Re: How to estimate the shared memory size required for parallel scan?

From: Thomas Munro <thomas(dot)munro(at)enterprisedb(dot)com>
To: Masayuki Takahashi <masayuki038(at)gmail(dot)com>
Cc: Pg Hackers <pgsql-hackers(at)postgresql(dot)org>
Subject: Re: How to estimate the shared memory size required for parallel scan?
Date: 2018-08-19 23:08:25
Message-ID: CAEepm=1Z_QY9fK6sSro-3AV+LfvGXpO52WBKrqTn7DzYyocQqQ@mail.gmail.com
Views: Raw Message | Whole Thread | Download mbox | Resend email
Thread:
Lists: pgsql-hackers

On Sun, Aug 19, 2018 at 4:28 PM, Masayuki Takahashi
<masayuki038(at)gmail(dot)com> wrote:
>> If you just supply an IsForeignScanParallelSafe function that returns
>> true, that would allow your FDW to be used inside parallel workers and
>> wouldn't need any extra shared memory, but it wouldn't be a "parallel
>> scan". It would just be "parallel safe". Each process that does a
>> scan of your FDW would expect a full normal scan (presumably returning
>> the same tuples in each process).
>
> I think that parallel scan mechanism uses this each worker's full
> normal scan to partitioned records, right?
> For example, I turned IsForeignScanParallelSafe to true in cstore_fdw
> and compared partitioned/non-partitioned scan.
>
> https://gist.github.com/masayuki038/daa63a21f8c16ffa8138b50db9129ced
>
> This shows that counted by each partition and 'Gather Merge' merge results.
> As a result, parallel scan and aggregation shows the correct count.

Ah, so here you have a Parallel Append node. That is a way to get
coarse-grained parallelism when you have only parallel-safe (not
parallel-aware) scans, but you have partitions. Technically (in our
jargon) there is no parallel scan happening here, but Parallel Append
is smart enough to scan each partition in a different worker. That
means that the 'granularity' of parallelism is whole tables
(partitions), so if you have (say) 3 partitions of approximately the
same size and 2 processes, you'll probably see that one of the
processes scans 1 partition and the other process scans 2 partitions,
so the work can be quite unbalanced. But if you have lots of
partitions, it's good, and in any case it's certainly better than no
parallelism.

> Then, in the case of cstore_fdw, it may not be necessary to reserve
> the shared memory in EstimateDSMForeignScan.
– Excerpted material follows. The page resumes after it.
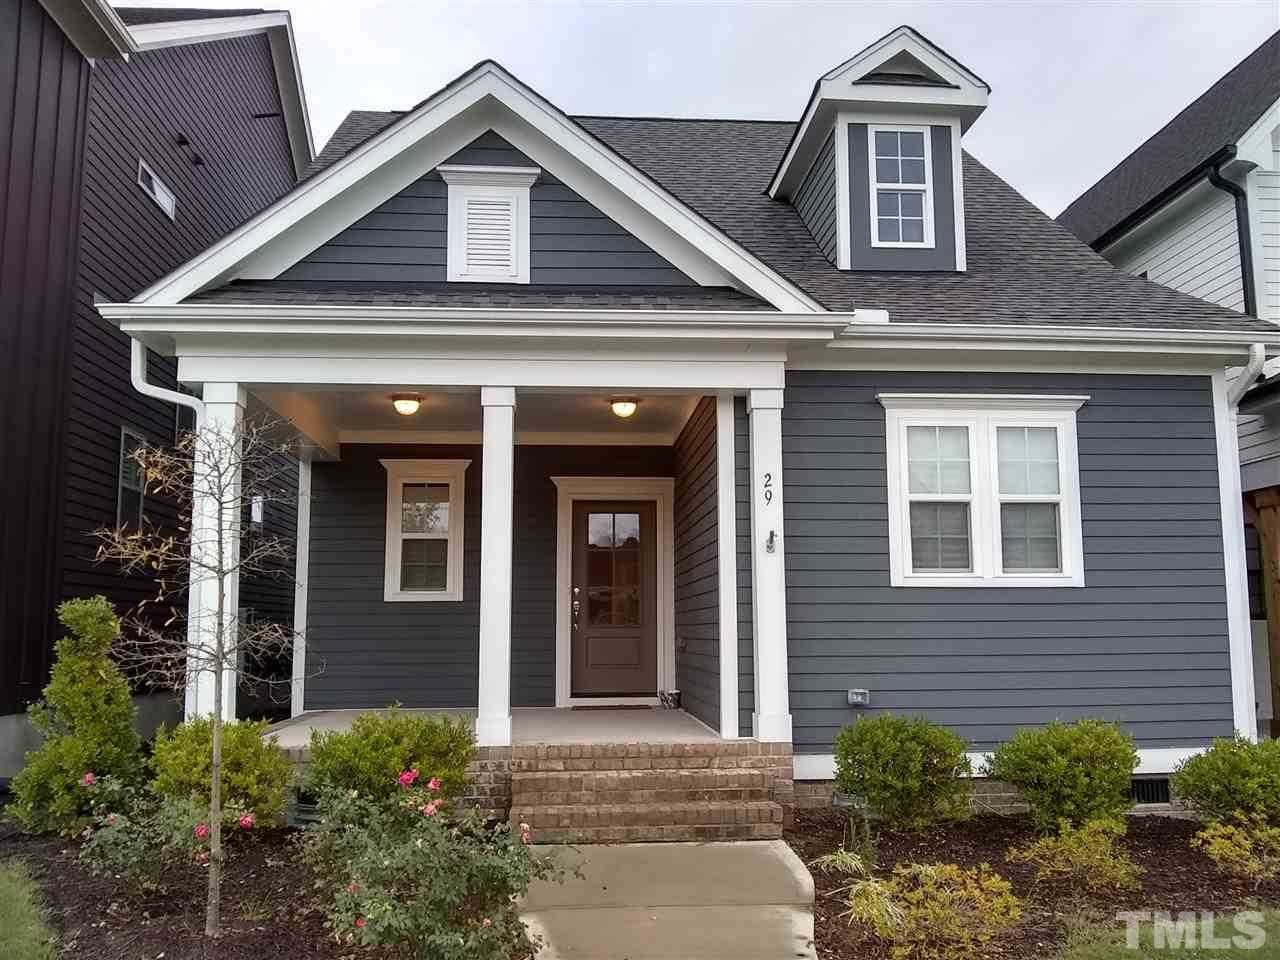 $315,000 - 3Br/3Ba -  for Sale in Briar Chapel, Chapel Hill

Correct. If all you need is parallel-safe scans, then you probably
don't need any shared memory.

BTW to be truly pedantically parallel-safe, I think it should ideally
be the case that each process has the same "snapshot" when scanning,
or subtle inconsistencies could arise (a transaction could be visible
to one process, but not to another; this would be weirder if it
applied to concurrent scans of the *same* foreign table, but it could
still be strange when scanning different partitions in a Parallel
Append). For file_fdw, we just didn't worry about that because plain
old text files are not transactional anyway, so we shrugged and
declared its scans to be parallel safe. I suppose that any FDW that
is backed by a non-snapshot-based system (including other RDBMSs)
would probably have no way to do better than that, and you might make
the same decision we made for file_fdw. When the foreign table is
PostgreSQL, or an extension that is tightly integrated into our
transaction system, I suppose you might want to think harder and maybe
even give the user some options?

>> So I guess this hasn't been done before and would require some more
>> research.
>
> I agree. I will try some query patterns.
> thanks.

Just to be clear, there I was talking about true Parallel Foreign
Scan, which is aiming a bit higher than mere parallel safety. After
looking at this again, this time with the benefit of coffee, I *think*
it should be possible without modifying core, if you do this:

1. As already mentioned, you need to figure out a way for cstore_fdw
to hand out a disjoint set of tuples to different processes. That
seems quite doable, since cstore is apparently block-structured
(though I only skim-read it for about 7 seconds and could be wrong
about that). You apparently have blocks and stripes: hopefully they
are of fixed size so you might be able to teach each process to
advance some kind of atomic variable in shared memory so that each
process eats different blocks?

2. Teach your GetForeignPath function to do something like this:

ForeignPath *partial_path;
double parallel_divisor;
int parallel_workers;

... existing code that adds regular non-partial path here ...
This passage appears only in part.